For duration data, percentiles such as p95 or p99 are ideal. When plotted over time buckets, these show tail-latency behavior that averages can never capture.
Recommended setup

| Attribute | RED Metrics | Golden Signals |
| Focus | Microservices | Any system |
| Includes Saturation? | No | Yes |
| Best For | API-driven workloads | Infrastructure + Services |
| SLO Mapping | Very direct | Broader |
OpenObserve automatically derives Rate, Error, and Duration metrics from your OpenTelemetry traces and visualizes them at the top of the Traces UI. As soon as spans arrive, OpenObserve computes request throughput, error counts, and latency percentiles without requiring any metric exporters, Prometheus setups, or custom dashboards. This gives you RED insights the moment your tracing pipeline is connected.

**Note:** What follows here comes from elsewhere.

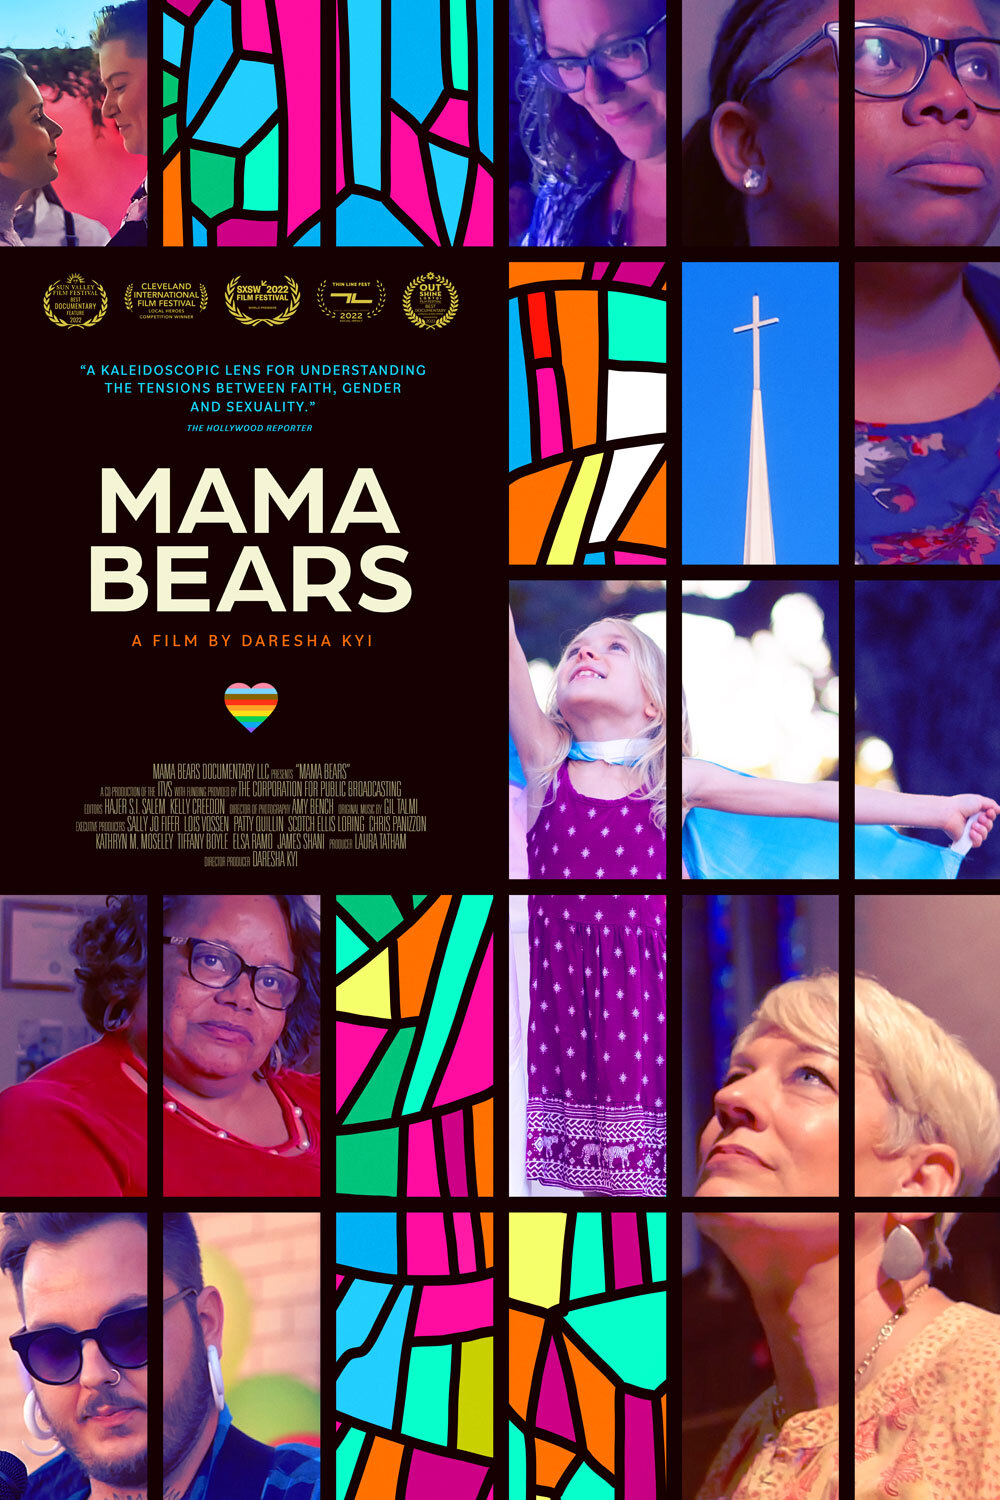 Movie poster for Mama Bears, collage of characters and mosaic

You can choose the time range for which you want to see the data and filter on the error traces to do root cause analysis.

Additionally, you can filter based on different fields.

RED metrics( Requests, Errors, and Duration) offer a focused, user-centric view of microservice health. By concentrating on the signals that directly affect end-user experience, RED helps teams quickly identify issues, reduce alert noise, and make informed decisions during incidents. When combined with SLO-based alerting and percentile-based latency tracking, RED becomes a reliable foundation for both operational monitoring and performance optimization.
If you want to see RED metrics in action, OpenObserve makes it easy to collect, visualize, and analyze them across your services. From dashboards and endpoint-level breakdowns to burn-rate alerts and trace correlation, OpenObserve provides a unified platform to turn RED metrics into actionable insights.
1. Are RED metrics the same as Golden Signals?
Not exactly. Golden Signals include latency, errors, traffic, and saturation, while RED focuses only on requests, errors, and duration. RED is more specialized for microservices, whereas Golden Signals apply broadly to any system.
2. Should RED metrics use averages or percentiles?
Percentiles such as p95 and p99 are more accurate because they capture tail latency, which represents the worst user experiences. Averages hide spikes and make it harder to detect real performance problems.
3. Can RED metrics be derived from distributed traces?
Yes, especially when using OpenTelemetry. The duration of spans naturally represents latency, status codes indicate success or failure, and the volume of spans per endpoint gives you request counts.
4. Are RED metrics enough by themselves?
They are a strong starting point, but they don’t cover resource saturation, JVM metrics, queue depth, or host-level telemetry. RED should be combined with infra metrics or Golden Signals for complete operational visibility.
5. Why do SRE teams prefer RED during incident response?
RED surfaces the symptoms users feel, errors and slowness: before deeper metrics show anything unusual. It allows responders to quickly isolate problematic endpoints and focus debugging where it matters.